*** Opening RECORDED DATA ***
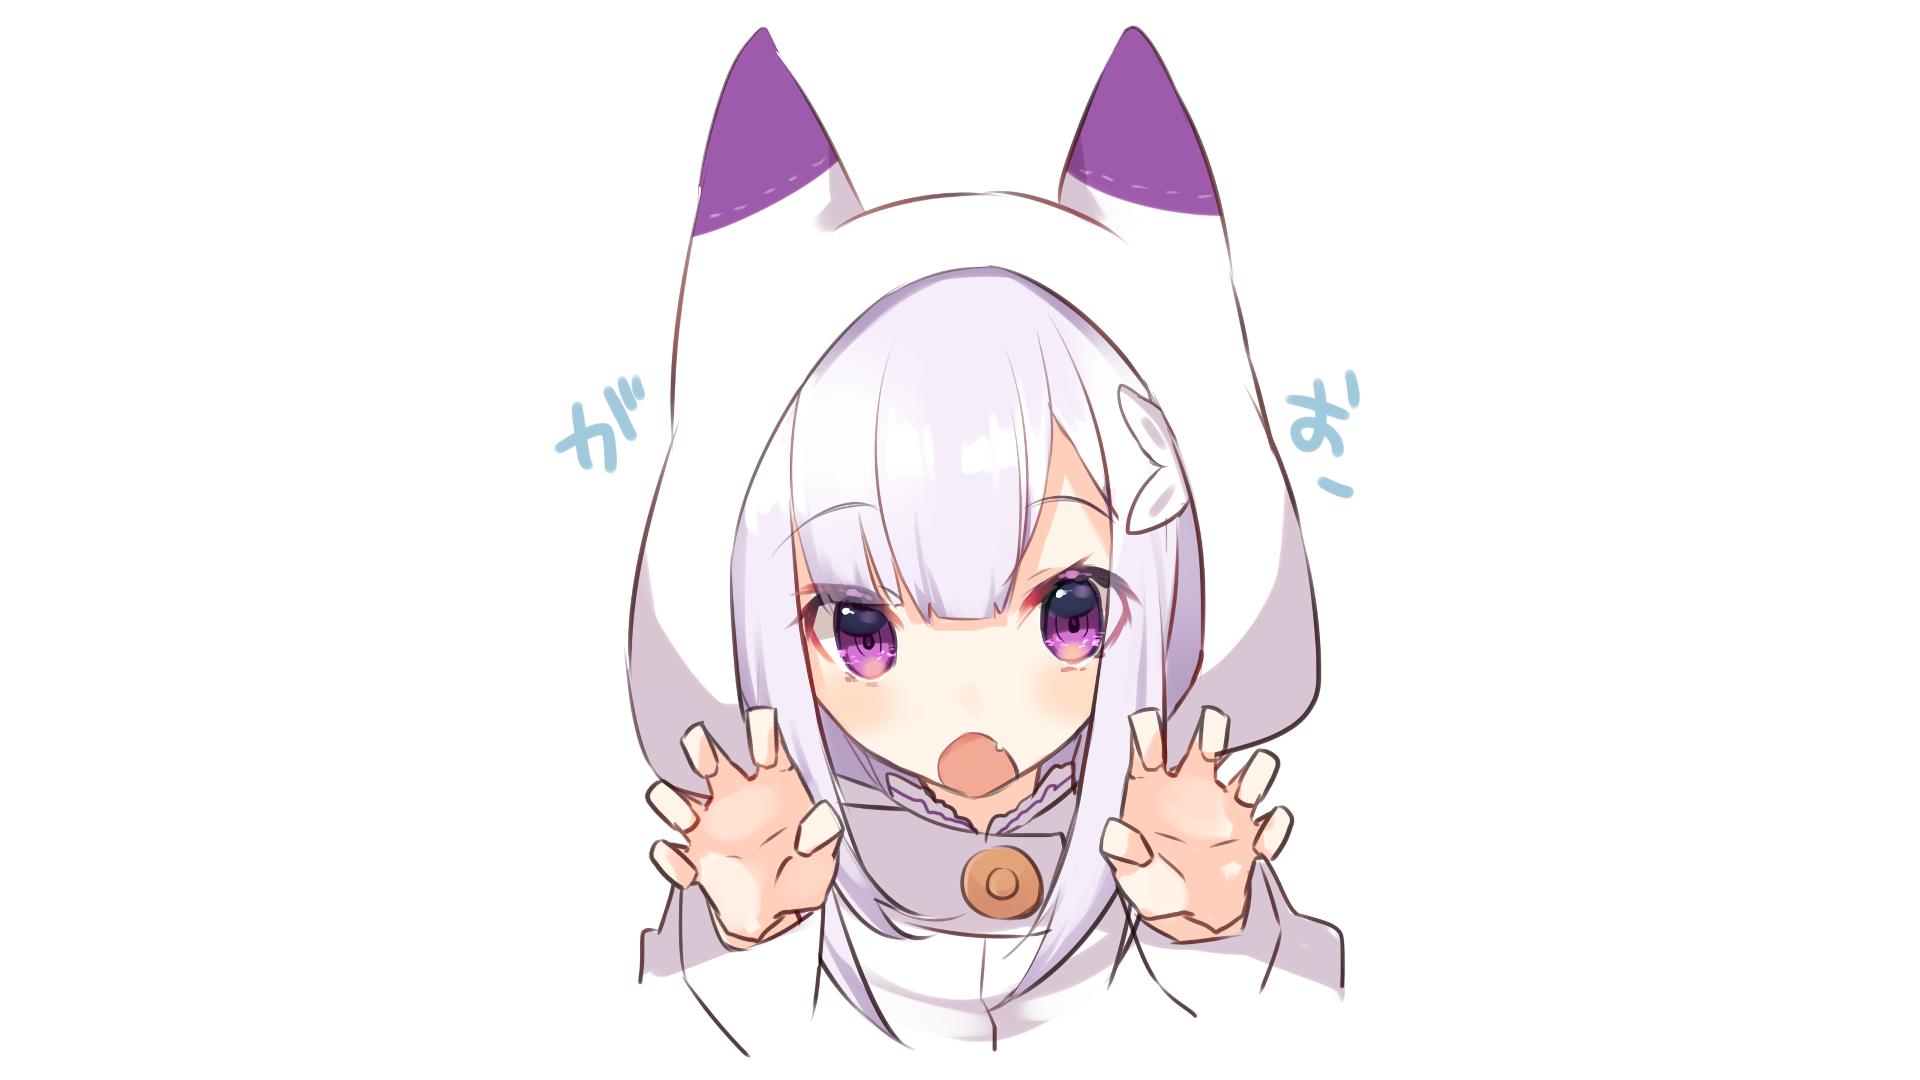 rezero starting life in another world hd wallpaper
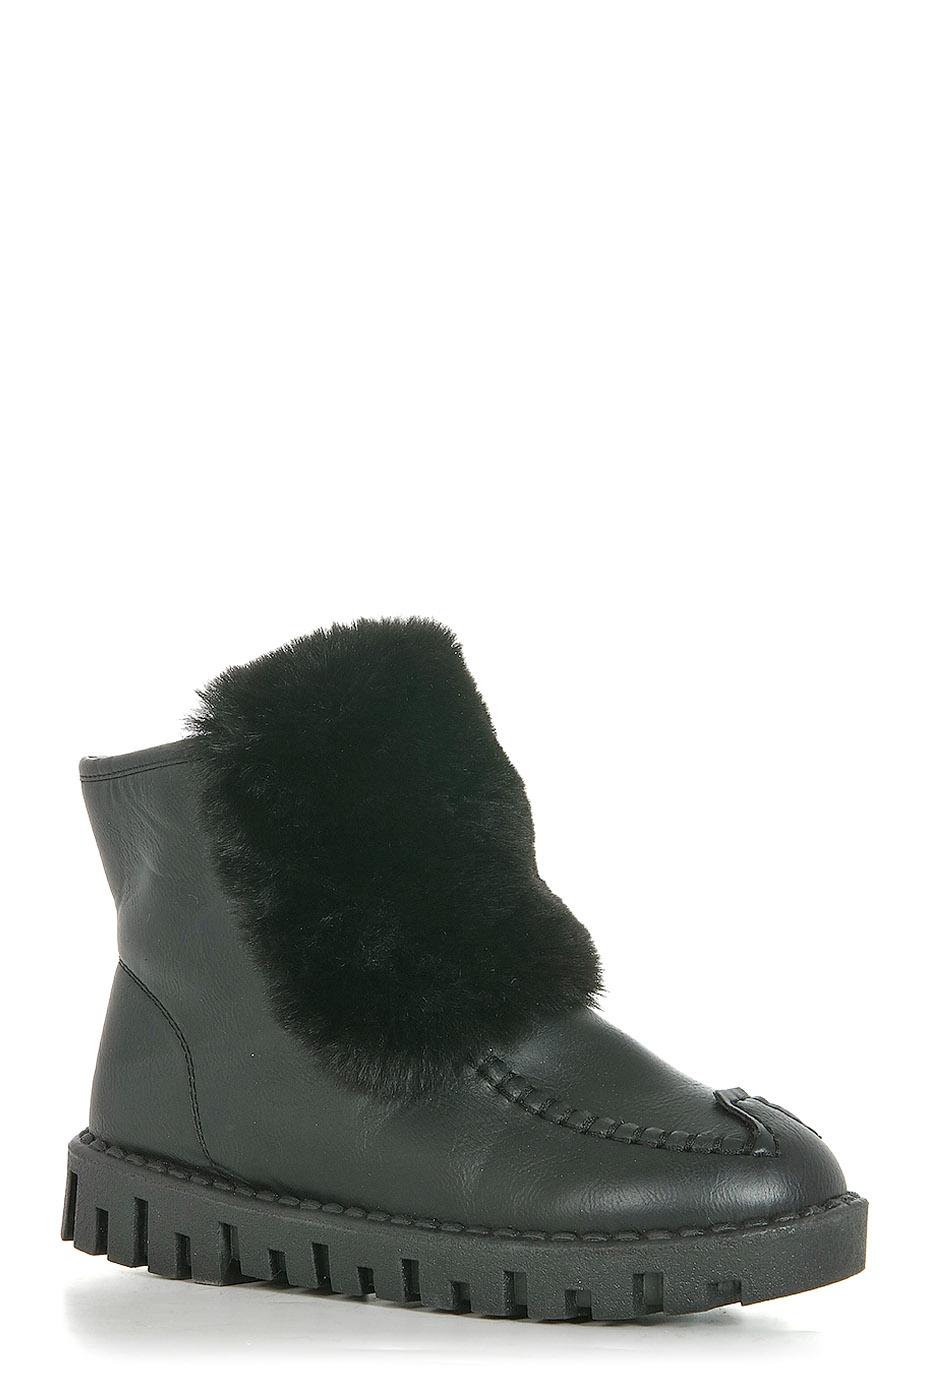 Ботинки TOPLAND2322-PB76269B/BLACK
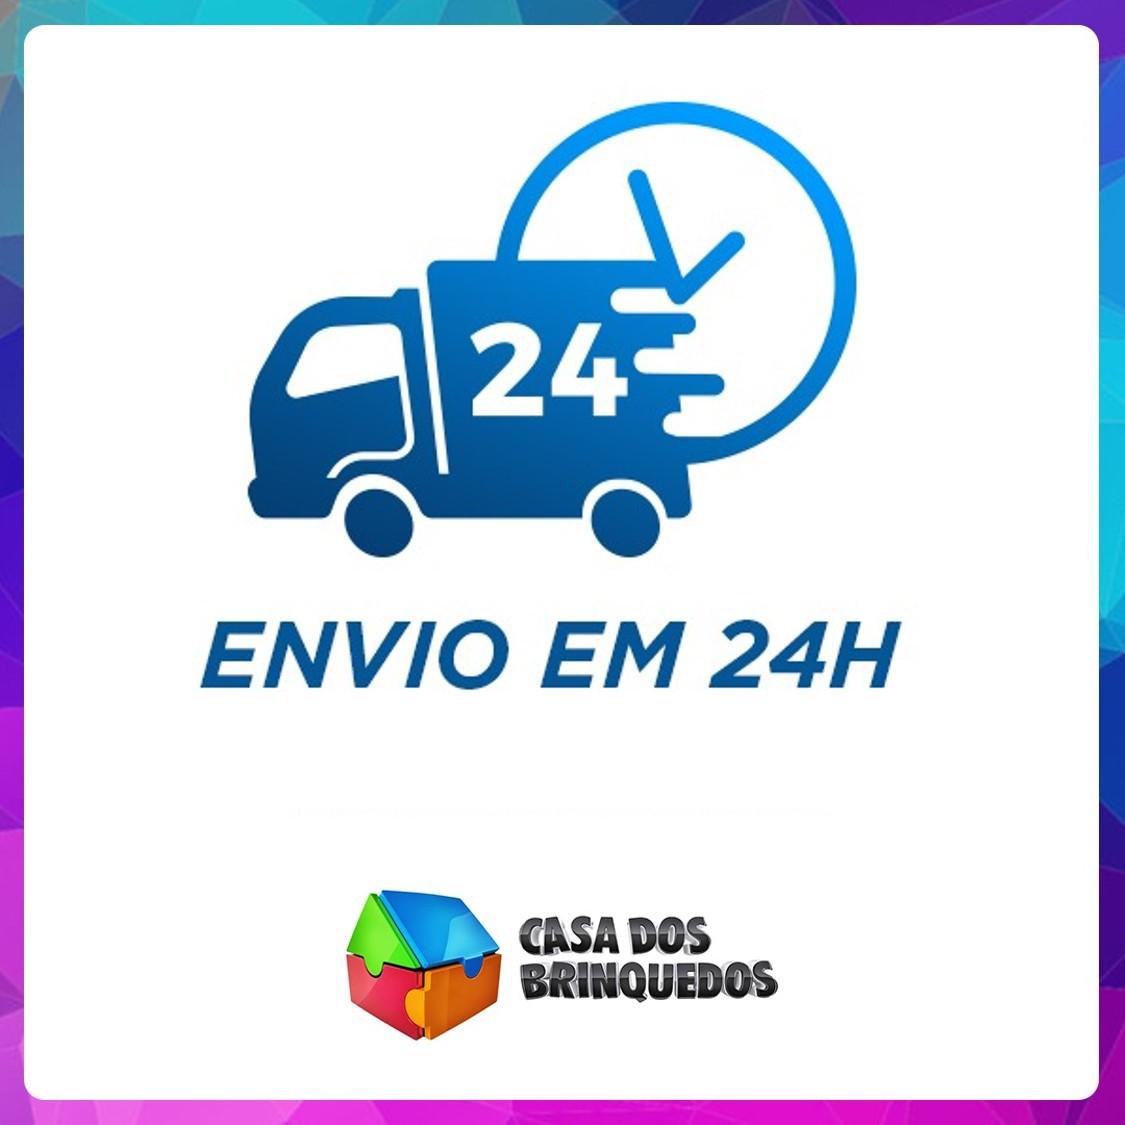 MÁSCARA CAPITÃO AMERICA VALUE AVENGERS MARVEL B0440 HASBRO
*** Closing RECORDED DATA ***
▸ TASK REQUIREMENTS: Exactly as given, transcribe every line of the data, but not its images.

▸ EXERCISE RESPONSE:
 rezero starting life in another world hd wallpaper
 Ботинки TOPLAND2322-PB76269B/BLACK
 MÁSCARA CAPITÃO AMERICA VALUE AVENGERS MARVEL B0440 HASBRO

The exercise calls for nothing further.